Payday-loan sharking protection needed

First Posted: 1/10/2015

In 2008, almost 64 percent of the Ohioans who voted approved upholding a payday-loan-reform law that capped annual percentage rates on such loans at 28 percent. The law, Substitute House Bill 545, was intended to bar APRs that had been as high as 391 percent.

Payday lenders evaded that cap by registering under other Ohio loan laws. And Ohio’s Supreme Court, in a 7-0 ruling last June, refused to close that loophole, as has the legislature — so far.

The federal Consumer Financial Protection Bureau, led by former Ohio Attorney General Richard Cordray, is considering whether, and how, to assure fairness to payday-loan borrowers. …

(I)t appears that states can regulate APRs on payday loans, at least on loans issued by nonbank lenders, while Cordray’s CFPB can’t. But there are other critical areas Cordray and the bureau can and should pursue. …
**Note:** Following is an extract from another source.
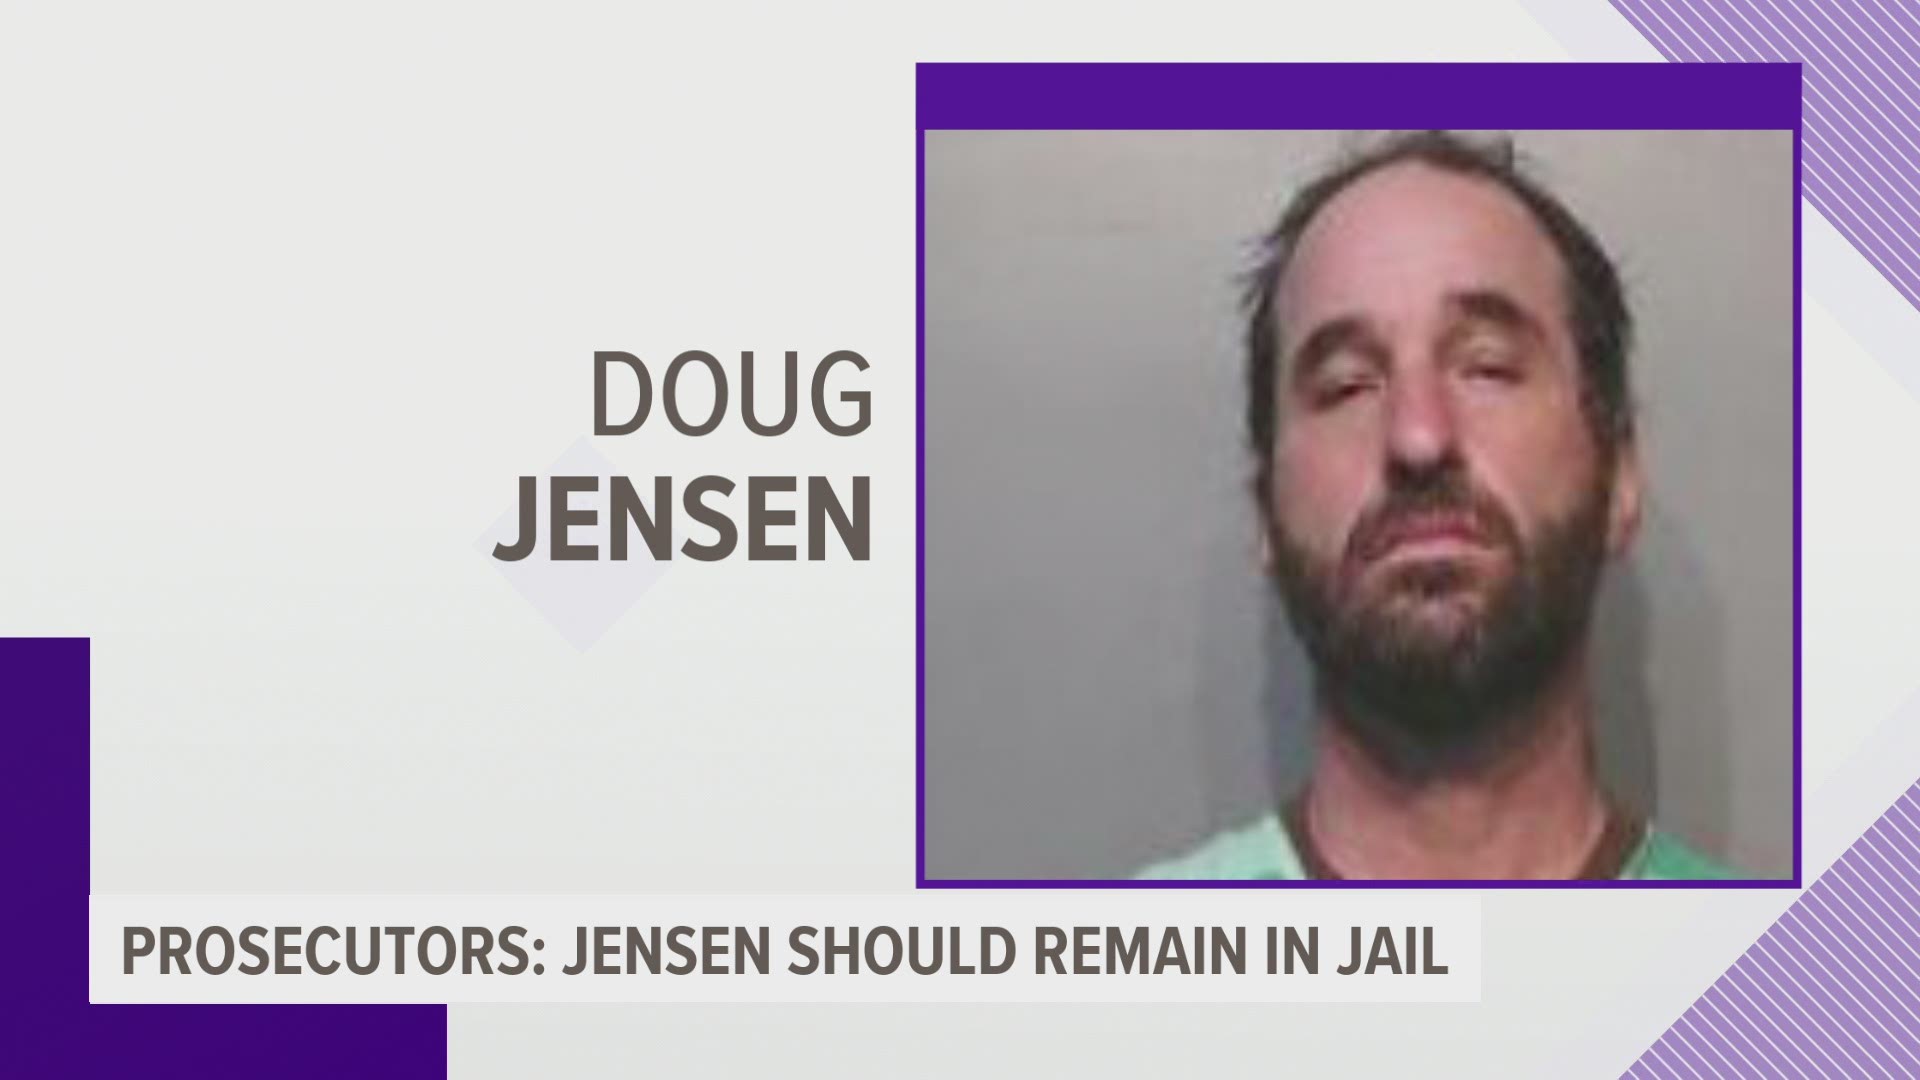 Doug Jensen's defense team argued he should be released from jail as he waits for trial.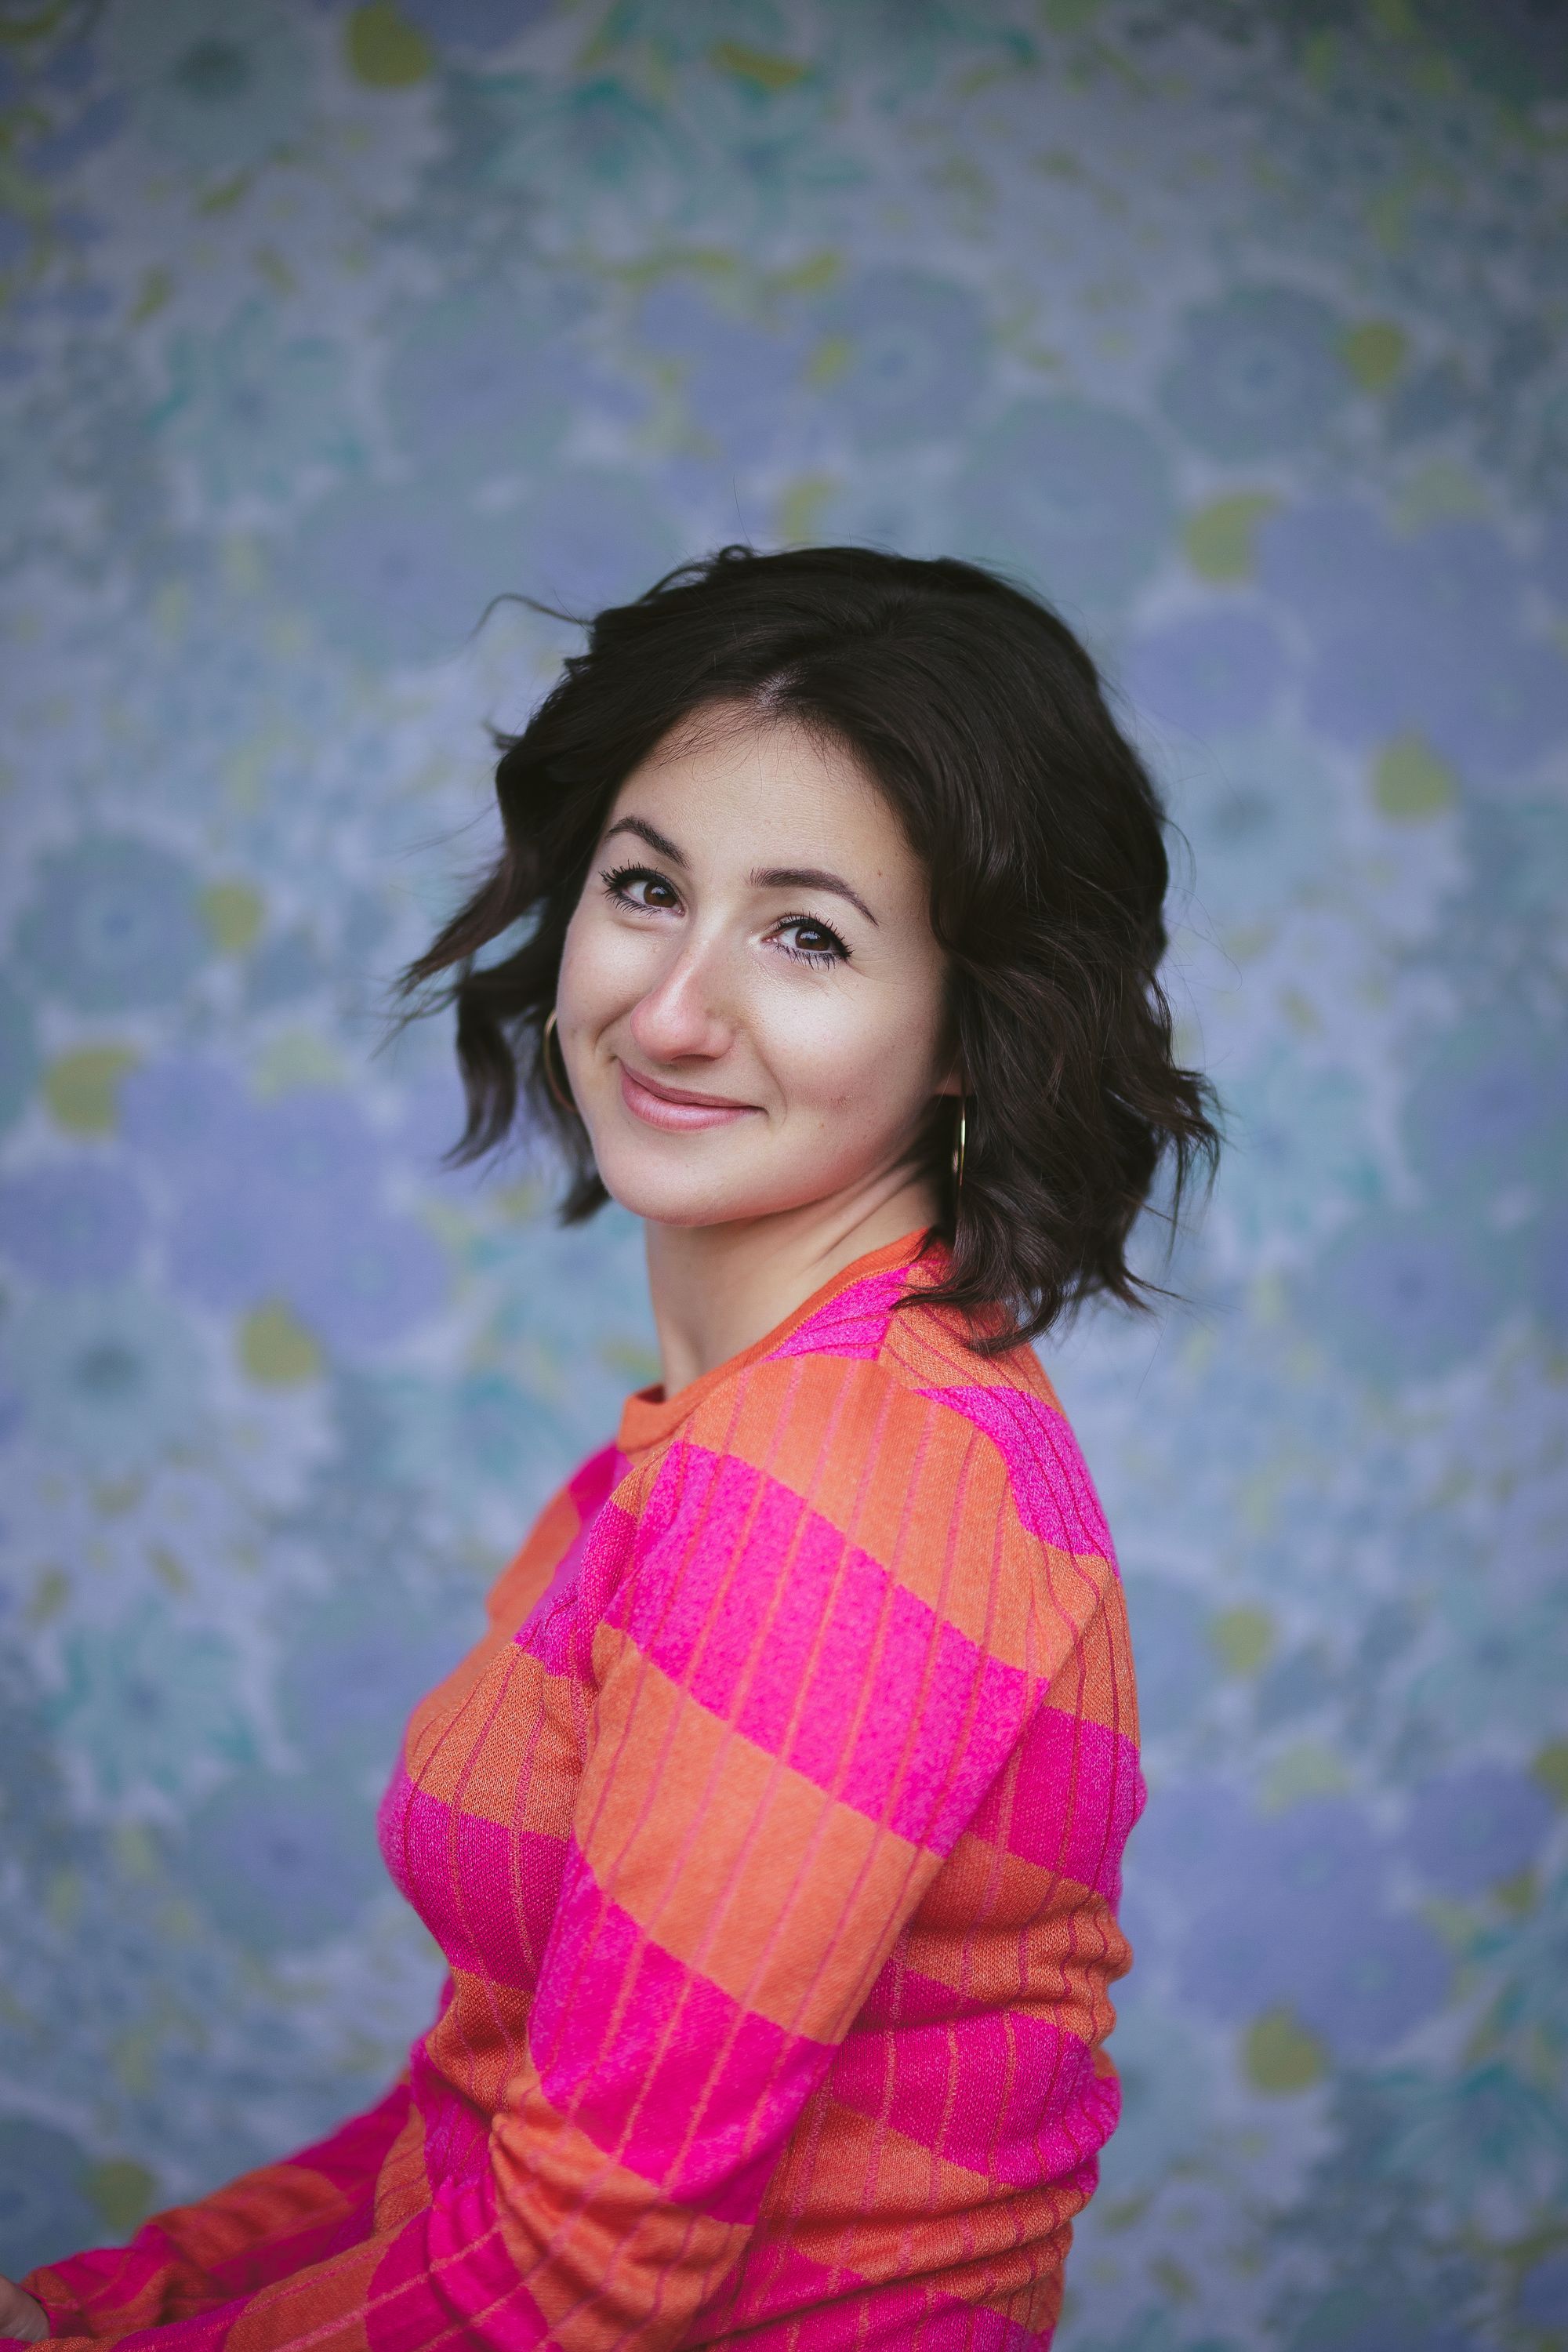 A portrait photograph of me sitting, smiling at the photographer, wearing a pink and orange striped top

One critical need is for the bureau to ban loans requiring periodic payments larger than 5 percent of a borrower’s pre-tax income. Another must: rules that spread the cost of a payday loan evenly over its life. Now, because lenders’ profits are typically front-loaded, they have an incentive to induce borrowers to refinance before a loan’s term ends, a fee-maximizing practice known as flipping.

Beleaguered borrowers need the protections that Cordray’s agency can provide. It must do so — strongly, and soon.